Lots and lots of common faults - just wait and be suprised when they happen. Essential mod? Depends what you want from your car.

Throttle reset, sit in the car with door closed, ignition on but engine off, sit there for three mins or more and that will have done it. Just makes the car realise where throttle fully closed position on the pedal is. Stops it being on the floor but only at 80% throttle. Worth trying as won't harm anything if it doesn't need doing.

Tom


----------



## l3ttx (Oct 15, 2006)

The reason for the faults question is I also drive a Saab and Alfa Romeo. Saabs Great never had a problem in 3 years (90K miles). The alfa too many to list but I Love it.

Thanks for the advise.


----------



## YTF (Aug 27, 2006)

Essential mod - change the Bosch Divertor Valve for one that actually works!!! go for a Forge one!!! Cost around Â£80 but it will hold the boost much better.


----------



## Ugemi (Jan 2, 2006)

Well audi surely has less faults than the alfa, allthought they are great cars 
The essential upgrade would be The BTU, also know as the Big Turbo Upgrade


----------



## Nick225TT (Oct 13, 2004)

l3ttx said:


> Hello All,
> 
> I ve just picked up my TT 225 BHP 02reg and was wondering if anybody could advise me how to rest the ECU.
> 
> I have read befor if the car is not used hard for a long time the ecu will need resting to get the full power back from the engine is this true??

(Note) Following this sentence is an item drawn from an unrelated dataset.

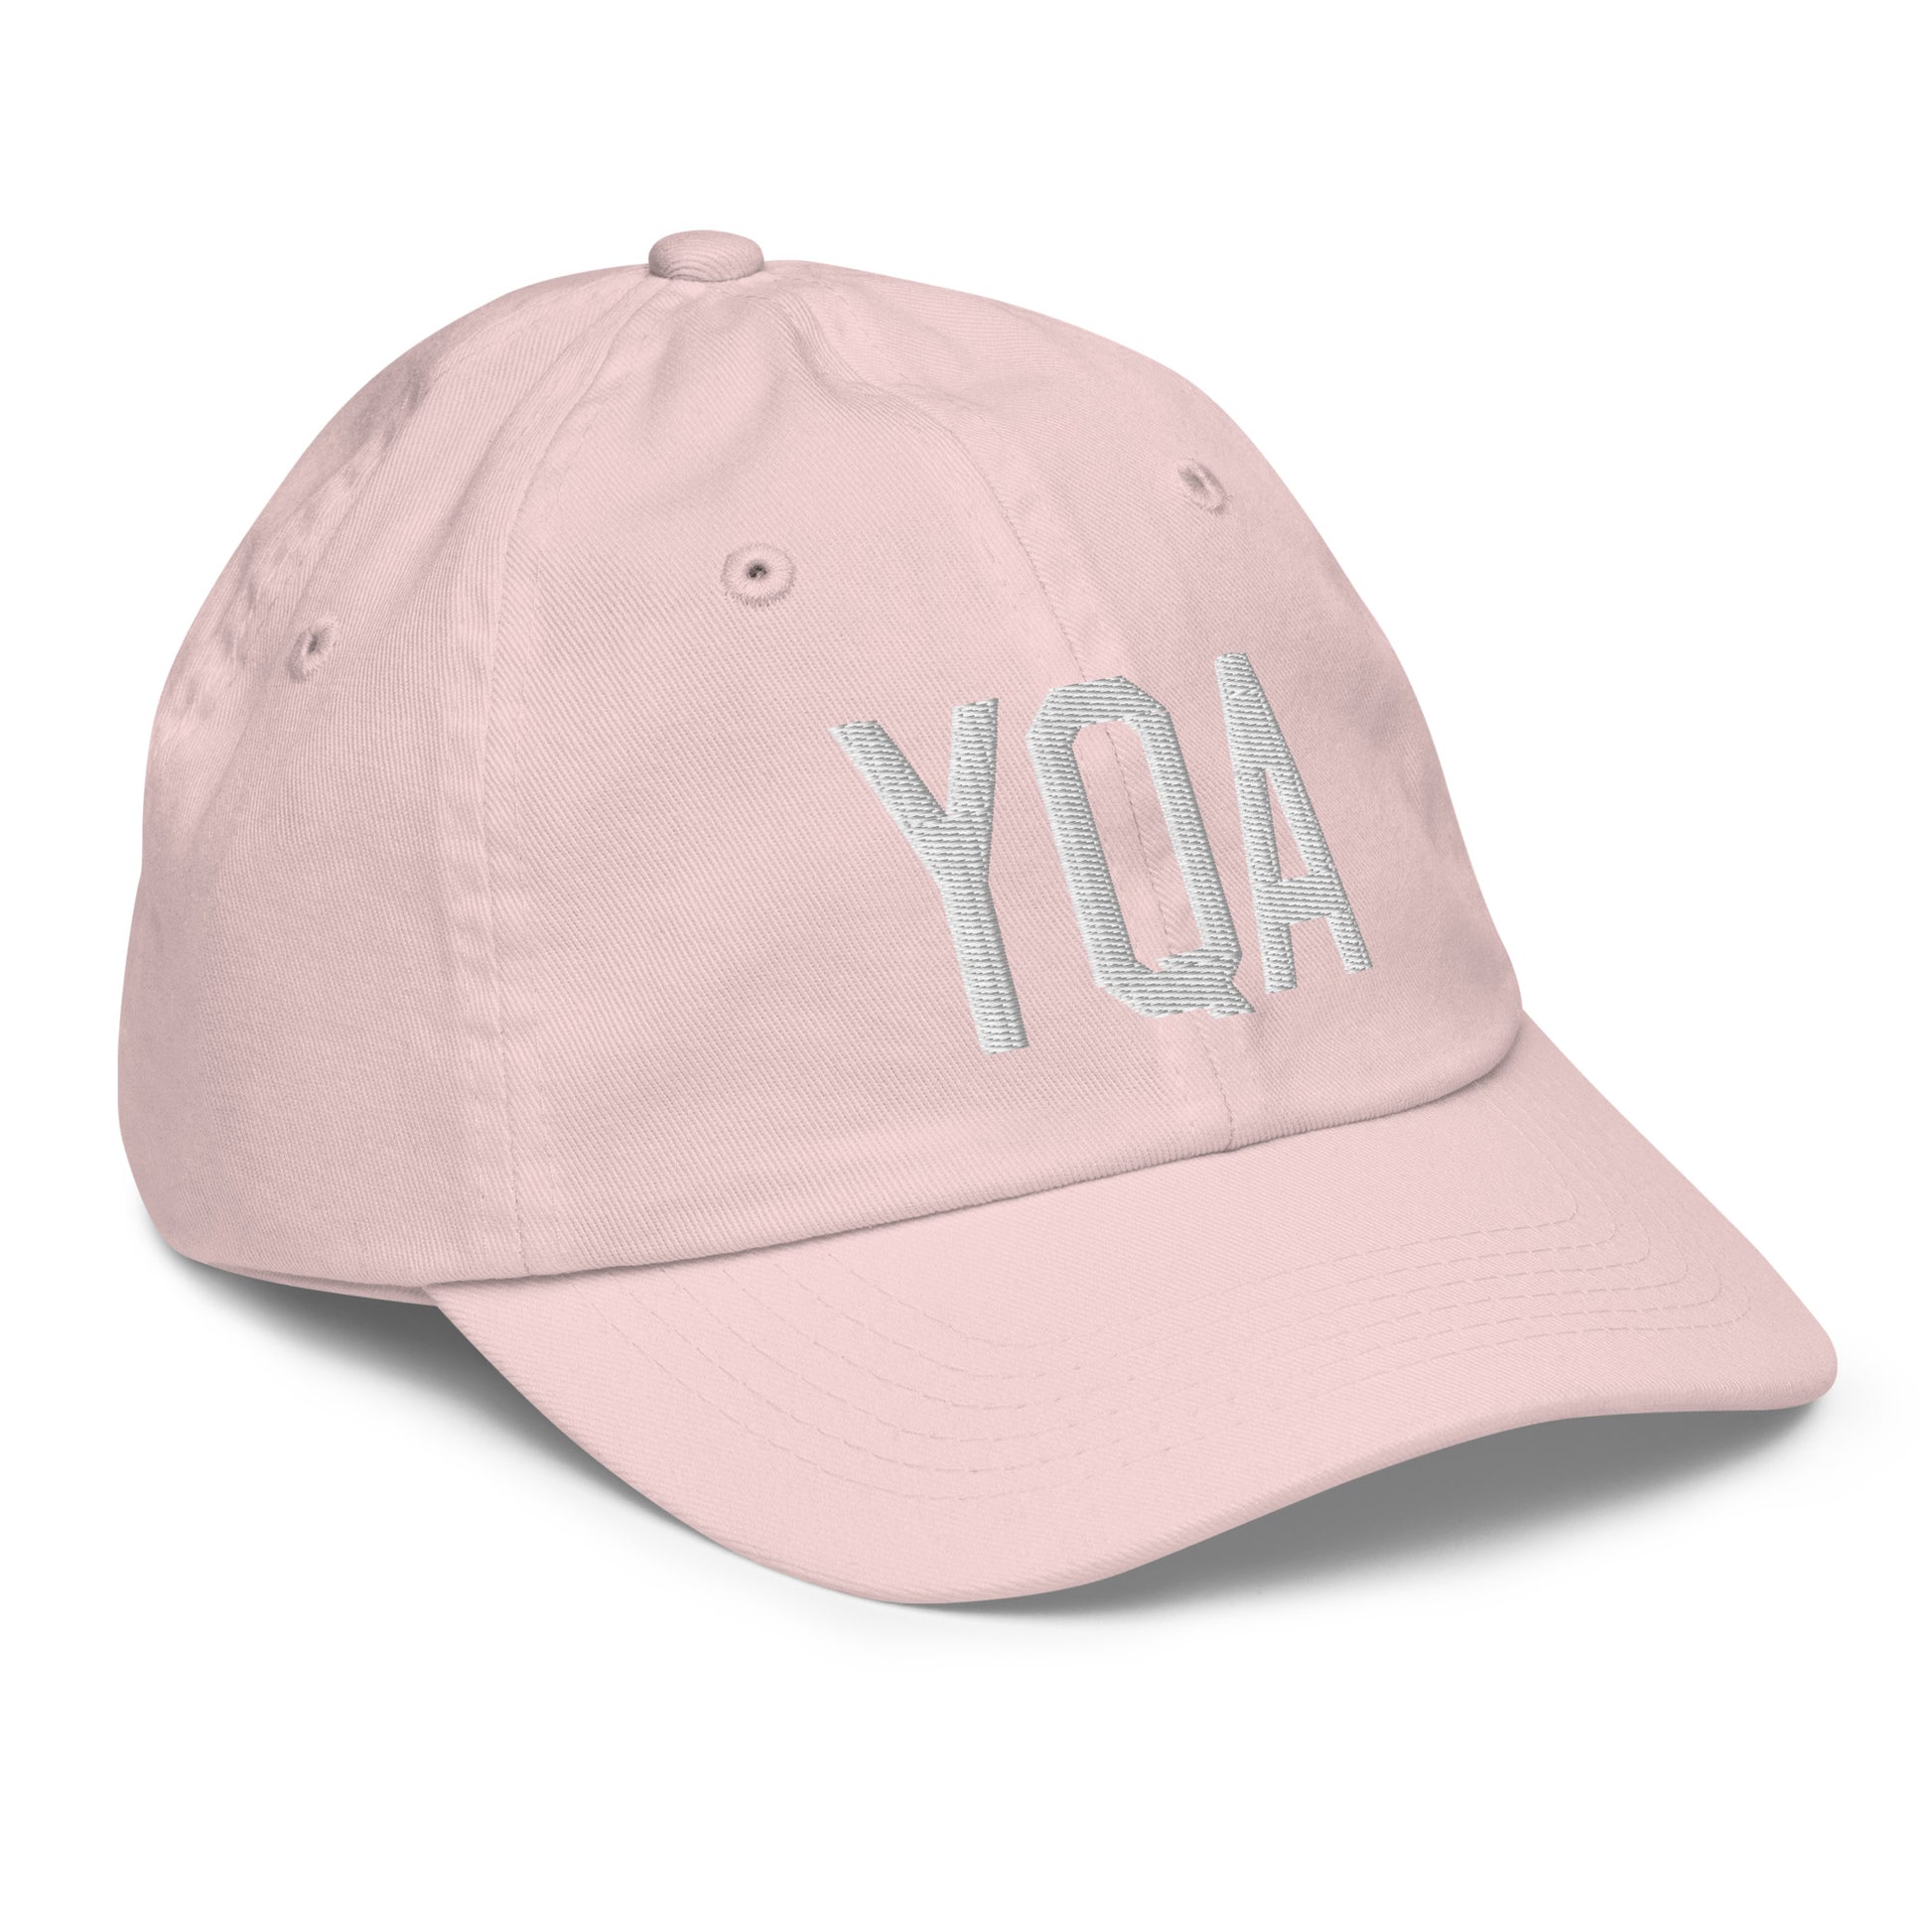 Airport Code Kid's Baseball Cap - White • YQA Muskoka • YHM Designs - Image 32

ECU reset, disconnect the -ve battery lead for ~ 10 minutes =>

Turn ignition on but don't start, listen for a couple of clicks. (TBR)

Clearing the ECU will help if your putting 97-9 octane in when it was used to 95 and removes the previous owners driving style from its memory.


----------



## SeYaSeEe (Mar 5, 2006)

*Quoted From Jae in FAQ THread

---------------

how to do a "Throttle Body Reset"? 
OK, before answering how to... this (apparently) is why... "if your car is driven for a long time without thrashing then it will limit the max throttle to 75% I believe. Reseting just gives you 100% again" 
And this is how.. 
The Engine needs to be cold, so don't do this after a long drive or nothing will happen. 
Turn the ignition on without actually starting the engine and wait for about 3 minutes. 
Turn off the ignition and it's all done.

--------------*


----------